Both Rihanna and Chris Brown are back. As Slate pointed out, there is something very cringe-worthy about enjoying Brown’s work. One of his new singles, “I Can Transform Ya,” is cocky and self-assured, and, content-wise, totally unrelated to his recent plea of guilt in the state of California. The single features Lil Wayne, who, besides fraternizing with a domestic abuser, has his own problems these days.
Anyway, even if it is absolutely morally revolting to enjoy Chris Brown (I know it is for me), I would never suggest we ban his music from our personal listening rotation. Even though his artistic persona has been revealed as a total lie, (as Slate noted, “An R&B loverman best known for a domestic-violence conviction is an insupportable contradiction”), art still needs distance from the personal life of the artist. We’d have pretty much no one to appreciate if all artists were judged by the merits of their personal character or politics–that’s right, we’d have to say good-bye to Polanski, Woody Allen, Heidegger, etc. I’m just trying to say that I hate censorship, and only believe it’s necessary when hate speech enters the ring.
Rihanna’s new single, unlike Brown’s, doesn’t enjoy very much liberty from the February assault. Its first sound is the cry of a lone guitar streaming across the sonic landscape, signaling a Red Dawn. “Russian Roulette” isn’t about Russia, however–though the cyrillic-lookin font plastering the single cover might have you thinking differently (see above). The song’s mood is foreboding, the lyrics dark, the song structure torn out of the heartbroken-ballad song book. The last sound in the song is a gun shot, because, ahem, she lost at the high stakes game of roulette.

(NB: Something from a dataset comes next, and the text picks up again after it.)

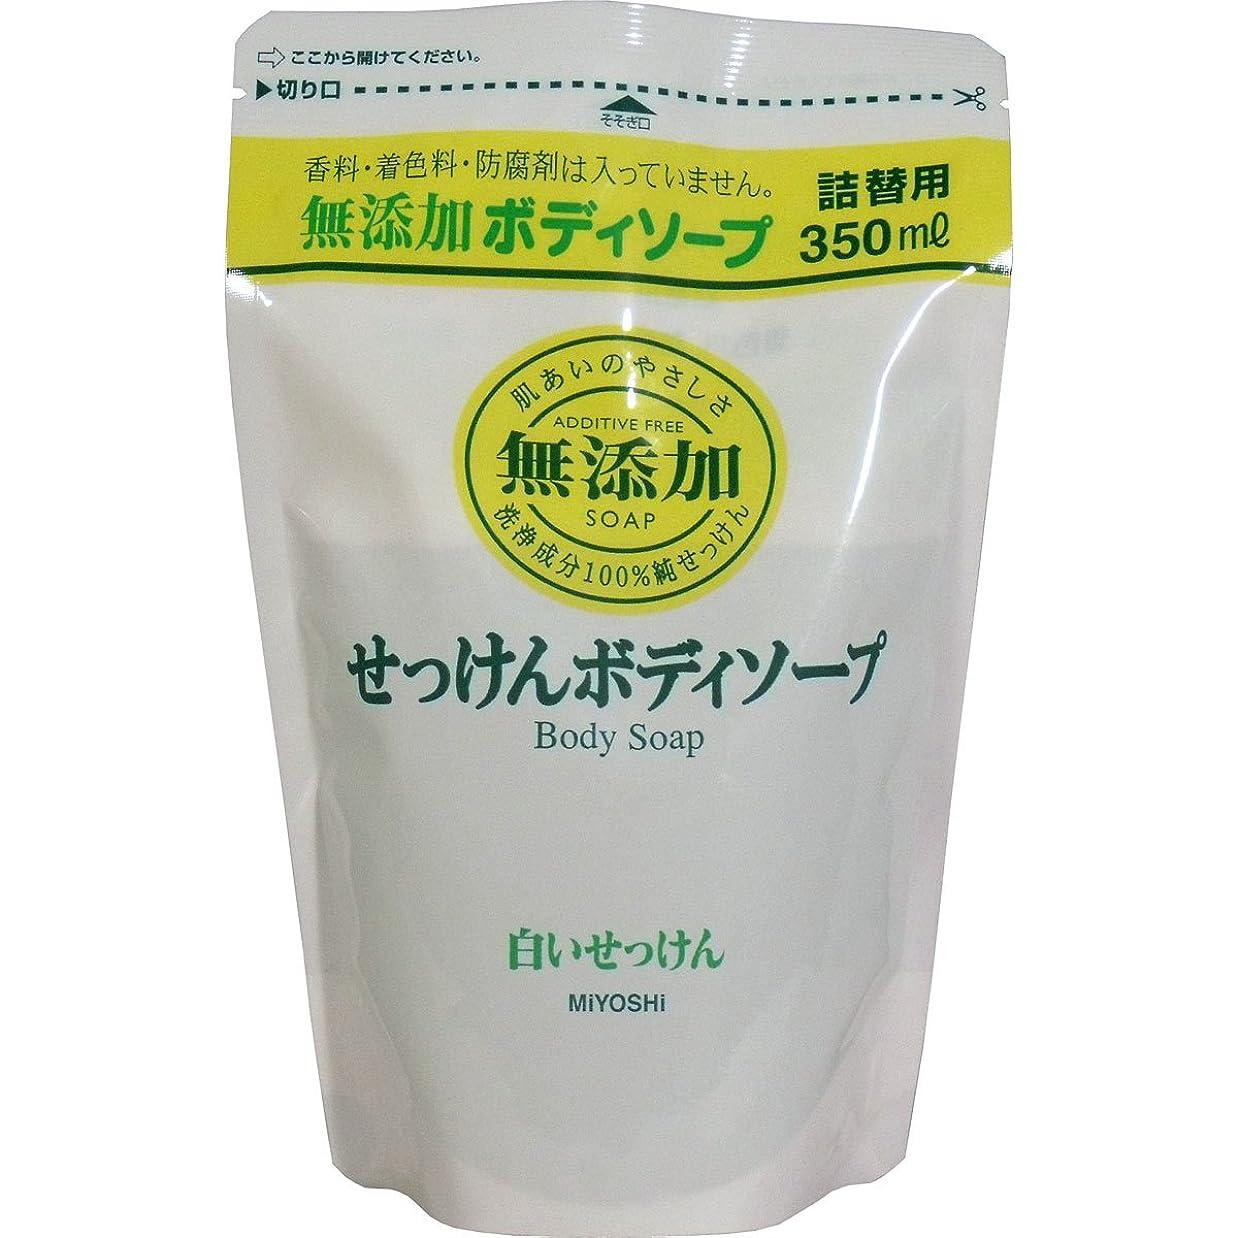 圧縮されたスープ第九ミヨシ石鹸 無添加 ボディソープ 白い石けん つめかえ用 350ml×20個セット(無添加石鹸)

I think it’s unfair to only read this song through the lens of her recent life events, but I’m doing it to illustrate a point. It’s more acceptable in this here society to let the abusers move on, artistically unscathed, while Rihanna, the abused, returns with a persona that recalls this year’s events.
Yet, detractors may say, Rihanna’s always had a dark side. Even the sundrenched Barbados days of her earlier singles were tinged with the chaos-making agents of love, that is, madness and desperation. (See: S.O.S.) Detractors, I agree. But check out this further evidence that Rihanna’s new stuff is related to her personal life:
In this month’s issue of Glamour, Rihanna says of her new album:
I put everything I’ve wanted to say for the past eight months into my music. The songs are really personal.
So that’s good, if it helped her deal. I’m not asking Rihanna to do anything contrary to what she feels like doing. But we women are always supposed to infuse our art with emotion and personal experience. When women’s art is detached from our emotional life, we’re accused of being cold and fucked up. No one expects any kind of musical reflection from Chris Brown. He is free to be whoever the fuck he wants to be, and no one will ever wonder why he didn’t make a song about what it feels like to be a domestic abuser.
One day, I hope women won’t be chained (or barb-wired, as is the case with Rihanna) to our feelings. In the meantime, I still can’t wait for November 23rd, the day Rihanna’s cd comes out.